Open saley89 opened 8 years ago
Hm... the way Python implements signals makes it impossible to use them in this situation (C event-loop based server), because they are put into in an internal signal queue and the handlers are only called the next time the Python interpreter is executed, which is when a new request is being made to the server or an existing request is being processed.
I'm not sure how other event-loop based servers solve this problem, maybe by periodically invoking the Python interpreter.
Maybe you can do aside with signals altogether?
This seems to be possible to work around with periodically calling into https://docs.python.org/2/c-api/exceptions.html#c.PyErr_CheckSignals
Thanks for the quick reply and confirming our suspicions that it may be related to the C side of the library.
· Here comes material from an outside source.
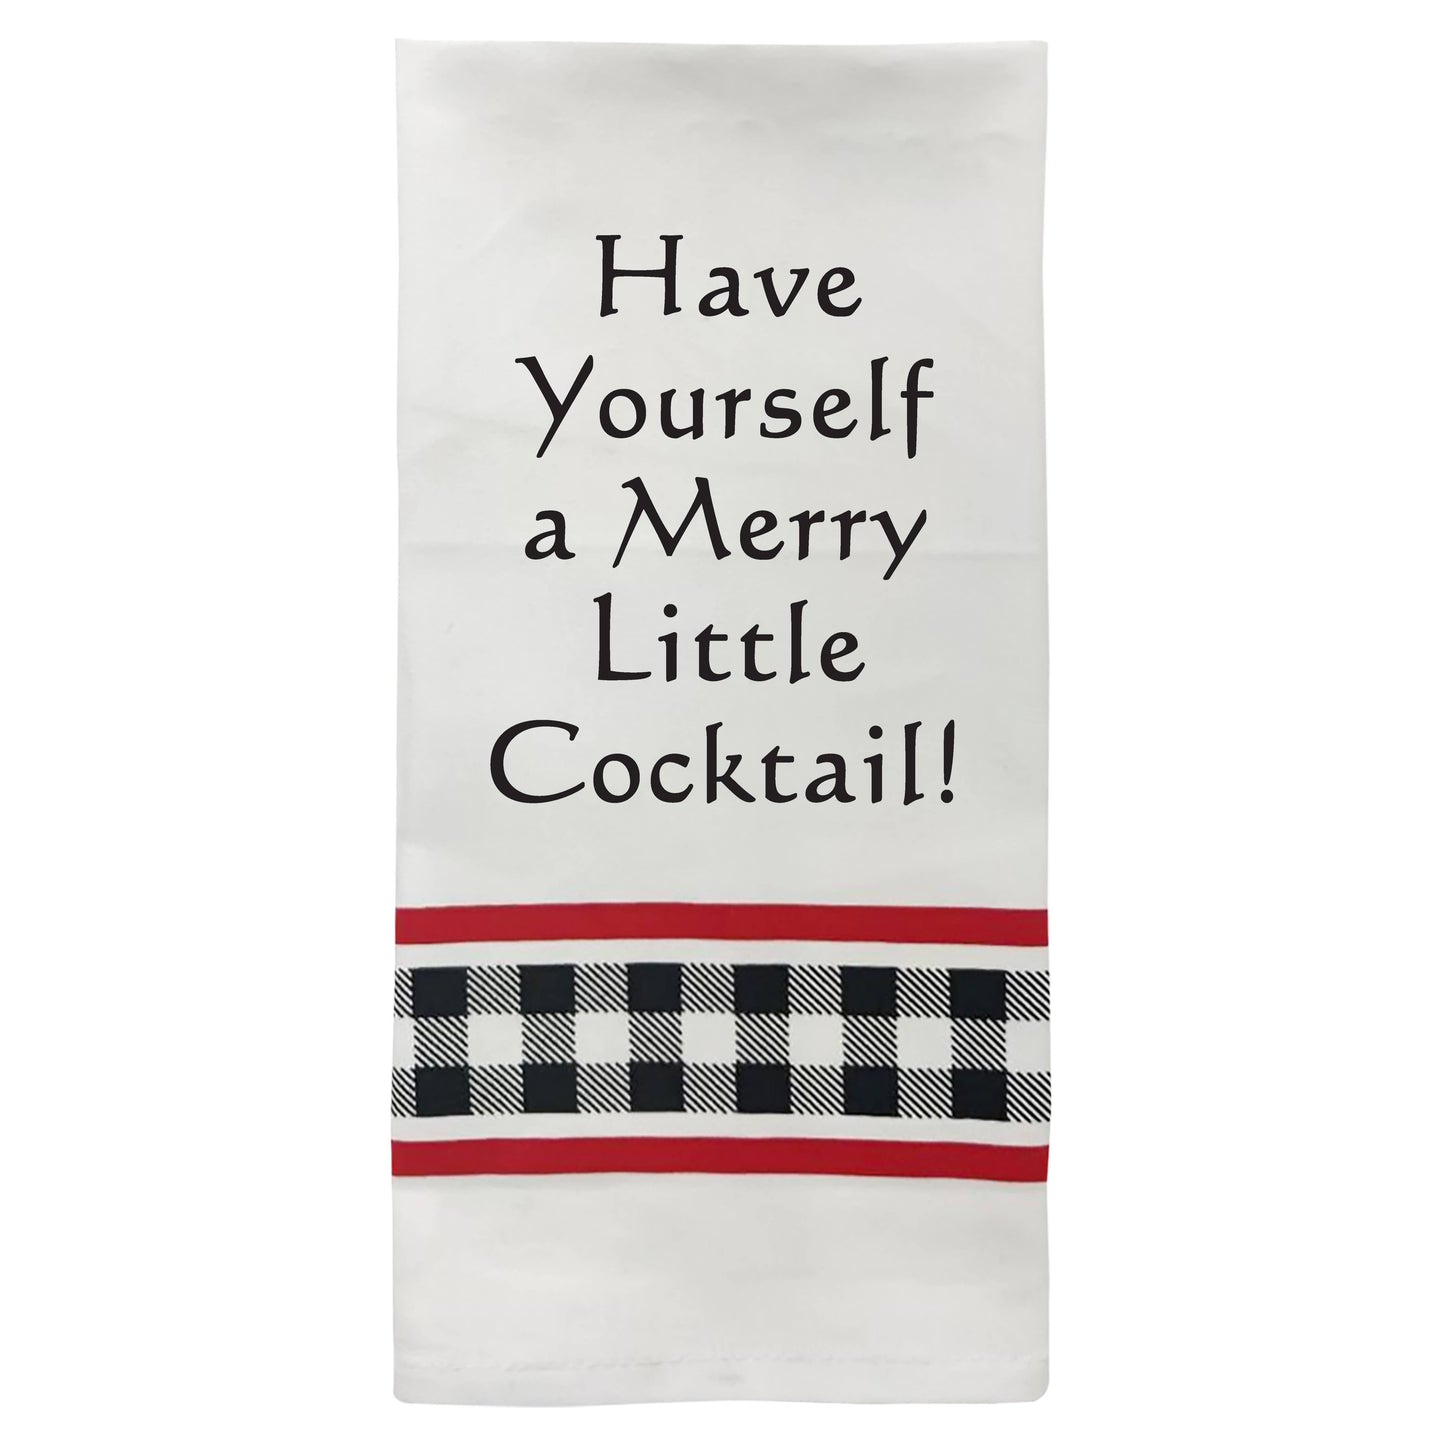 Have Yourself a Merry Little Cocktail Tea Towel

We will look into an alternative solution.
It would be great if you could build in the CheckSignals code you mentioned above if that would allow us to handle signals correctly. I can leave this open if you would like to look into it, otherwise I am happy to close the issue.
Shouldn't SIGTERM be handled the same way SIGINT is ? For graceful shutdown ?
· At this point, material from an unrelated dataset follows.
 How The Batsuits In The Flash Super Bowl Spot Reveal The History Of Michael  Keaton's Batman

That's correct, if it doesn't work like that then that's a separate issue.
@jonashaag SIGTERM is not handled like SIGINT as https://github.com/jonashaag/bjoern/blob/master/bjoern/server.c#L76 only handles SIGINT.
A follow-up question:
https://github.com/jonashaag/bjoern/blob/master/bjoern/server.c#L91 places a SIGINT on the signal queue, would
PyErr_SetInterrupt(); PyErr_CheckSignals();
ensure that the signal is propagated as soon as it occurs ?
I don't know, maybe the other way round (first check signals, then set interrupt), but in either case we'd have to make sure we hold the GIL
Are there any work arounds? I have an app that should not have any downtime.
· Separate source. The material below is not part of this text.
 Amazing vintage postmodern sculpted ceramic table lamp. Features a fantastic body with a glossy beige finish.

Maybe you can run this as a subprocess and kill it whenever required, I guess
To gracefully shut down services, systemd
sends a SIGTERM
followed 90 secs later by a SIGKILL
if necessary (see here). Due to this issue there is no easy way to capture SIGTERM
when using bjoern
. I find that meinheld
just returns from the main event loop on any interrupting signal so I don't need a signal handler at all. Perhaps that approach could be considered?
So I have will have to move back to meinheld
at least temporarily although my benchmarks show that bjoern
performs slightly faster.
Can you guys try the https://github.com/jonashaag/bjoern/tree/signal-watcher branch
Sorry, but I really don't want to create a signal handler (it is asynchronous and there are plenty of spin-off issues, e.g. when using multiprocess
the children inherit the handler) and was trying to use one simply to catch systemd
terminating my service. I suspect this is probably also the case for the OP @saley89 here.
Now that I have seen that meinheld
simply returns from the run()
event loop for the SIGTERM
case it makes a lot of sense to me so I will stick with that. As I said, perhaps you could consider that approach also for bjoern
for better systemd
compatibility.
@bulletmark The patch in that branch should make this work. It simply checks every 100ms if there's a new signal in the Python signal queue and executes that Python signal handler.
The https://github.com/jonashaag/bjoern/tree/signal-watcher branch works perfectly for me with SIGTERM.
My use case is a on_sigterm
python handler which do some "cleaning things" then send a SIGINT
to the same process to force bjoern
to exit.
I still think that simply returning from the event loop as I describe in my 2 posts above (and how meinheld does it) is a better way to go, and most compatible with systemd termination. @jonashaag, please reconsider that approach.
I just released 3.0.0 with the approach taken in the signal-watcher branch.
@bulletmark could you elaborate on what's better in the meinheld implementation for your use case?
@bulletmark @jonashaag a complete solution could be to add to the bjoern package a kind of bjoern_wrapper
which could be used as a "bjoern cli" (launched by systemd, supervisor, circus or other process managers). Included features would be:
importlib
)I use something like that internally. With a little bit of cleaning, I could propose this as a PR if your are interested.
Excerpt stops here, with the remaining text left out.